In this link here look at the picture that has bixnet.com written on it.

http://www.bixmart.com/160GB-25-Internal-IDE-Notebook-Hard-Drive-_p_31.html

The picture is showing the drive the right way up so that the label is on the top.

Simply push the drive into the back connector in the picture that you provided earlier.

You can then attach your IDE cable and molex to the front of that little mini circuit board to the motherboard.


----------



## niko

wolfeymole thanks. but i havent described it good so you can understand it.
lets say i hold the hdd with the label up. this is natural to do. ok
now, i can connect to it the pcb BOTH WAYS! thats the problem. the connector on the pcb can connect to the (good side) of the hdd both ways! and you know that IDE misses a pin in the back? Well, the connector has hole even there. so i dont know which side is up and which is down. the probelm is in the pcb, not the hdd


----------



## Wolfeymole

This is not logical.

It is physically impossible to connect your 2.5" laptop drive to any connection other than the back connection as shown in your original post, thus;

http://cgi.ebay.com/2-5-Laptop-3-5-...0&hash=item5ae13deefe&clk_rvr_id=249898450904

Are you sure you do not have a sata adaptor on the drive as shown in my link further down?

If you do then this needs removing.


----------



## niko

i am connecting it to the back. but on that back, ONLY ON THAT CONNECTOR, it can be connected bothways. imagine it connecting. now imagine i remove it. now imagine i take the pcb and rotate it so that the connector i connected it before is in the same side, but the pcb is reversed (the down is the up). now if i try to connect it on the connector (the one i connect it before - just reversed) it can go bothways... graphic stuff can be difficult to be understood by visualizing. i am terrible at visualizing myself


----------



## Wolfeymole

If you consider the diagrams here they will help you to determine which way is up with regard to where the blocked pin slot is.

http://paulski.com/zpages.php?id=1717


----------



## strollin

On the PCB for the adapter, on the end that attaches to the 2.5" drive, you can see there are some unused traces.  Those are there to be used if the power pins on the drive are to be used.  Orient the connector so that those unused traces are lined up with the unused power pins on the drive connector.


----------



## need2knowmore

*LGH-IDE-K 2.5" to 3.5" IDE convertor*

Hi,
I also bought 2.5" IDE to 3.5" IDE convertor. My laptop was so old so I pull my laptop hard drive out which is 2.5" IDE. I wanted to attached that drive with my new desktop hard drive because I got some important data on it and my old laptop doesn't any more.
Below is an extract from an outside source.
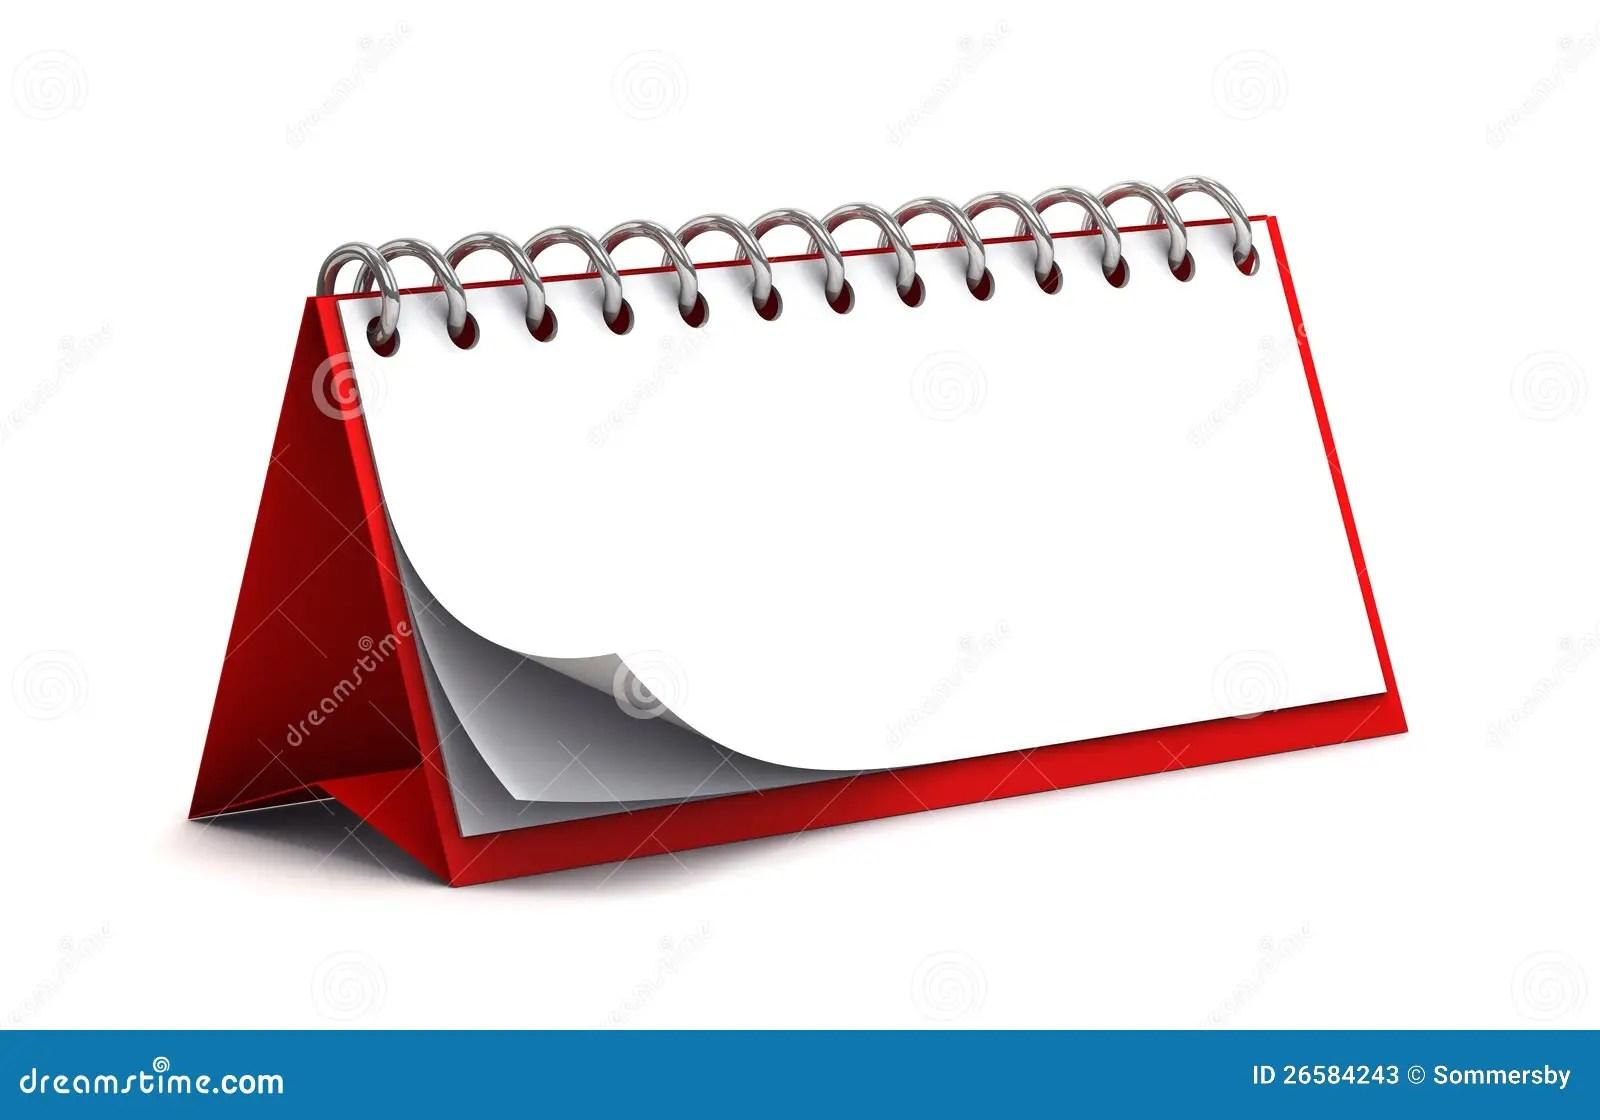 Blank Red Desk Paper Calendar Stock Photos  Image 26584243

So I order for 2.5" IDE to 3.5" IDE hard drive convertor card. Today I got it it is LGH-IDE-K on it. I open my desktop and put parallel data cable with 40 pin and power from desktop I attached my laptop hdd to other end but nothing happened. I put laptop drive label on up and adapter label also on up. Nothing happened, would any told me how to work with this card or its comes with manufacture fault.
thanks,
john


----------